» **THE DATA**
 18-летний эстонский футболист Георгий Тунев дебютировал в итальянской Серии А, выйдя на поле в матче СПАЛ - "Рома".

==

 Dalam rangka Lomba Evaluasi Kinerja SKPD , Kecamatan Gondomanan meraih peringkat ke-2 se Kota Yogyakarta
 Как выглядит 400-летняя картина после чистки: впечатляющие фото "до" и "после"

---

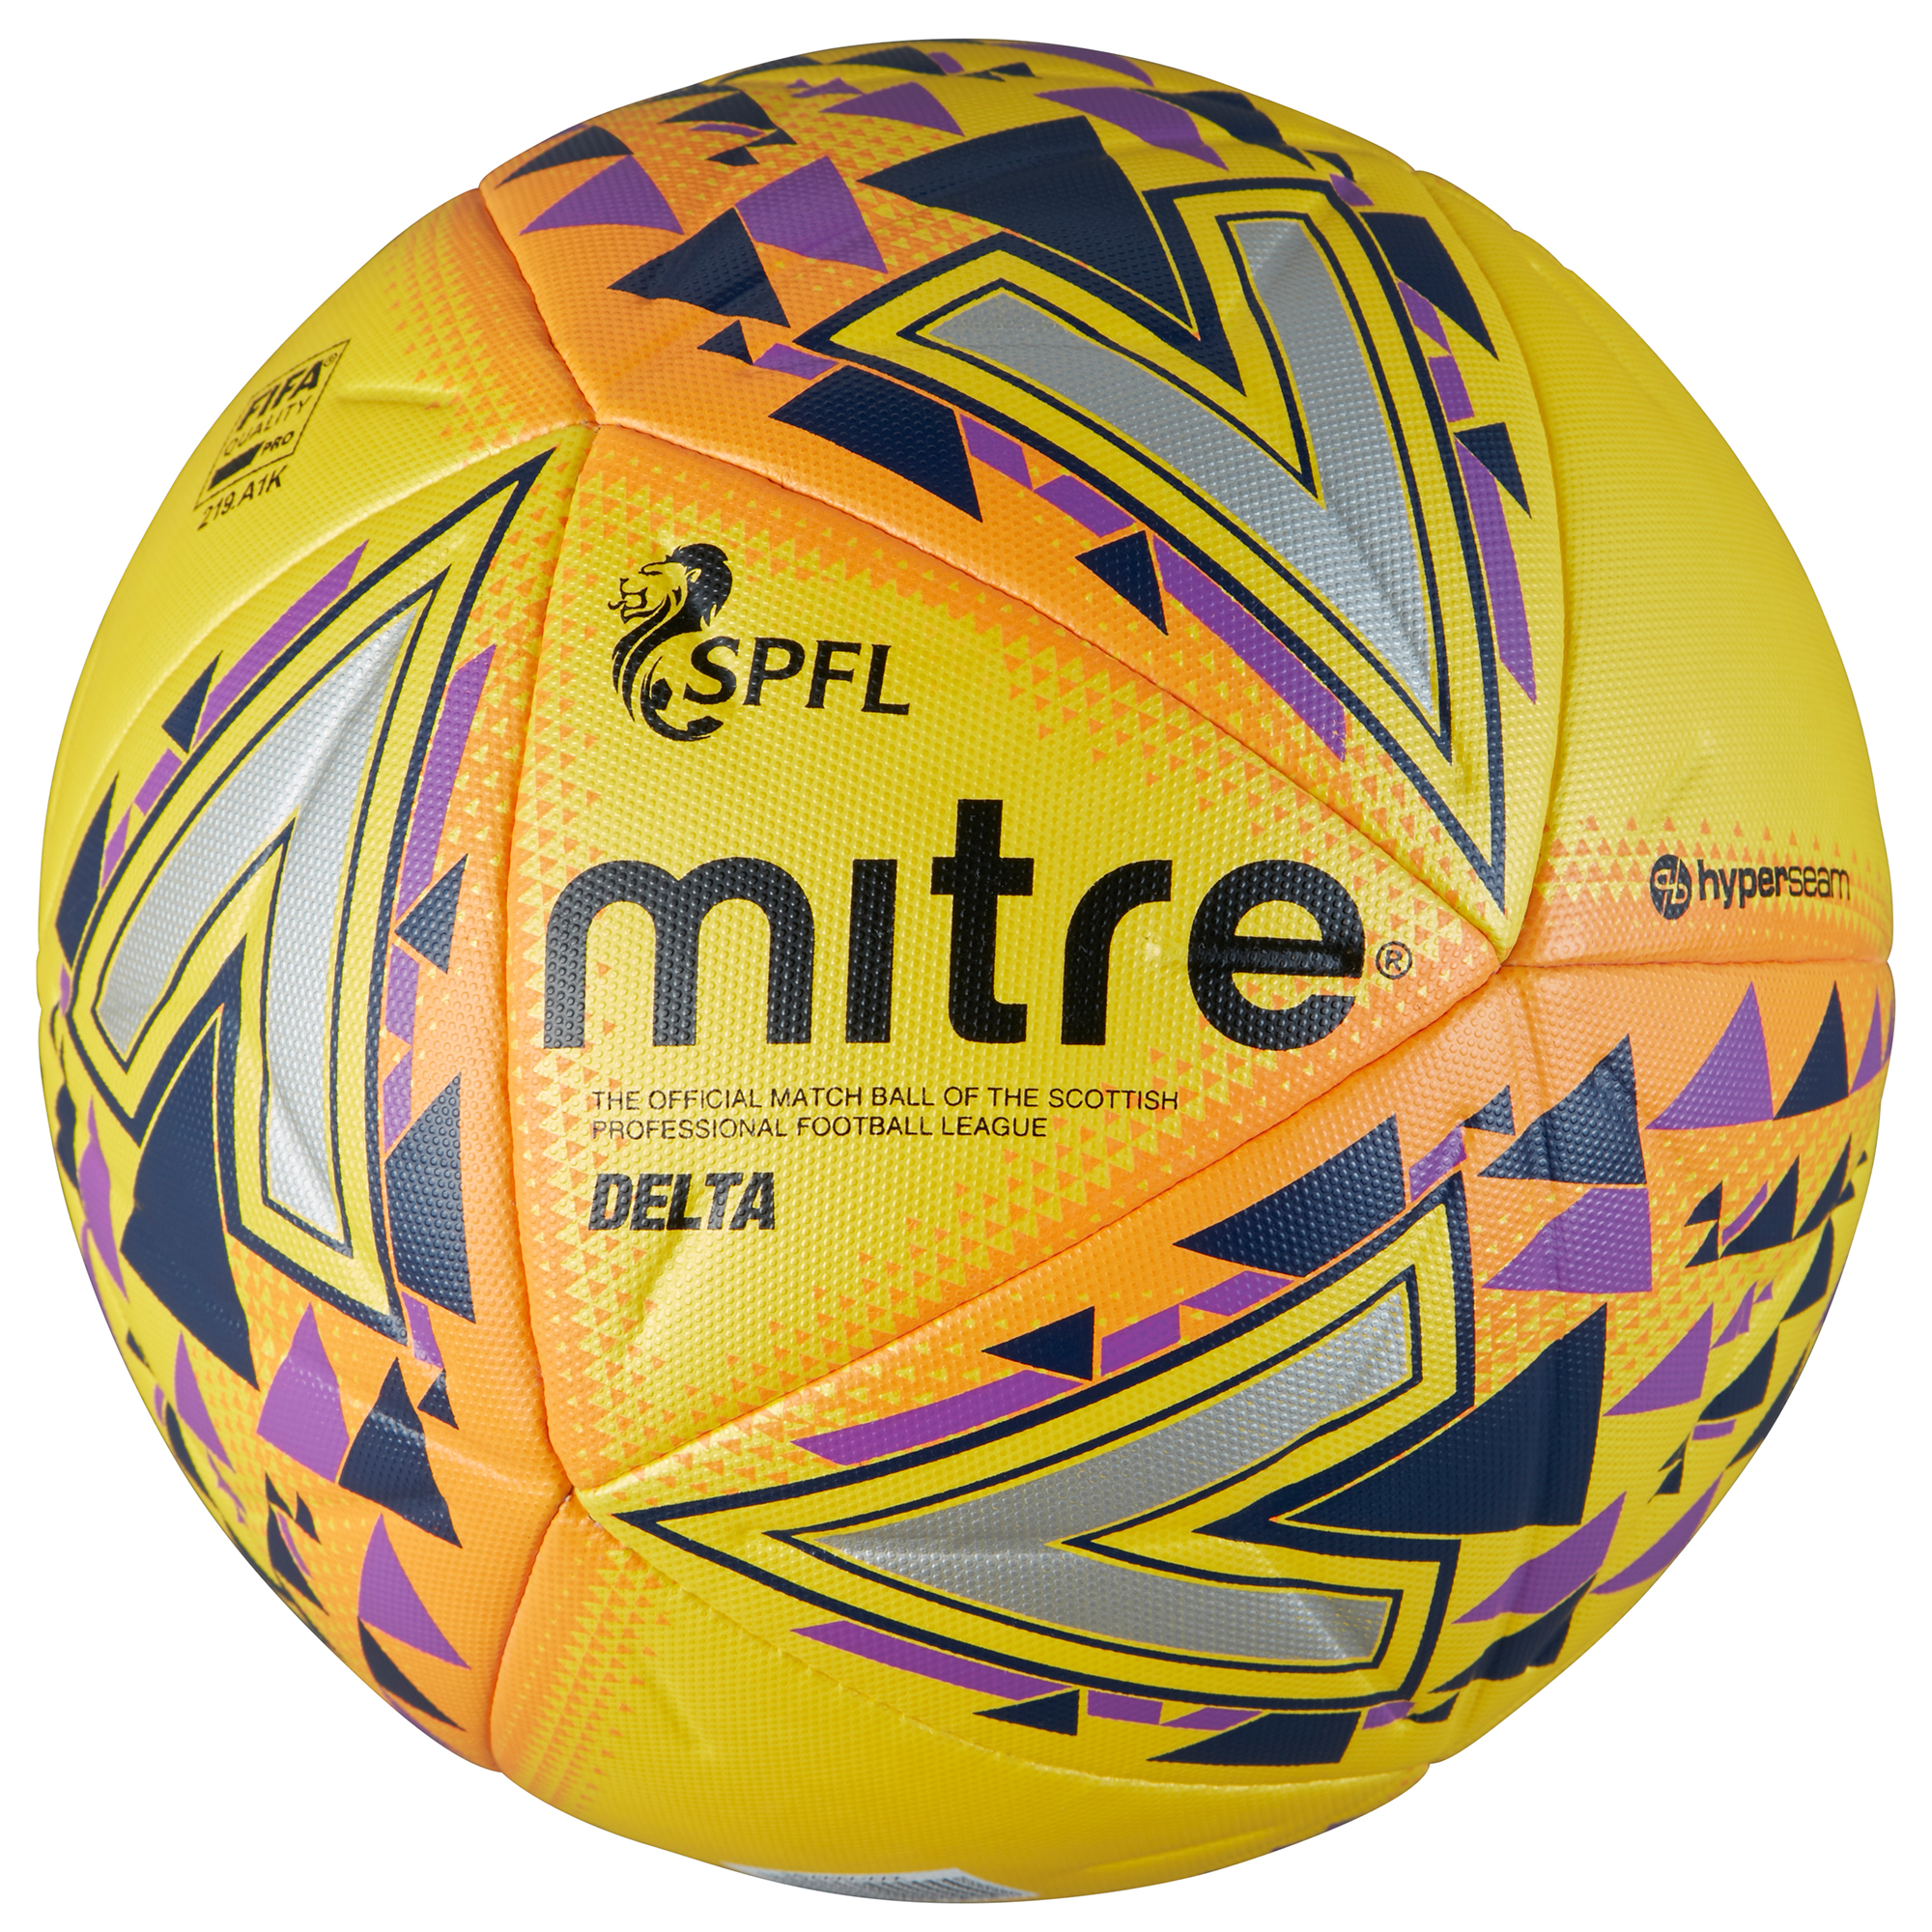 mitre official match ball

» **YOUR ASSIGNMENT**
Above are the records; from them, give again exactly the lines from the one containing "Dalam rangka Lomba" through the one containing "Как выглядит 400-летняя", both included.

» **EXERCISE OUTPUT**
 Dalam rangka Lomba Evaluasi Kinerja SKPD , Kecamatan Gondomanan meraih peringkat ke-2 se Kota Yogyakarta
 Как выглядит 400-летняя картина после чистки: впечатляющие фото "до" и "после"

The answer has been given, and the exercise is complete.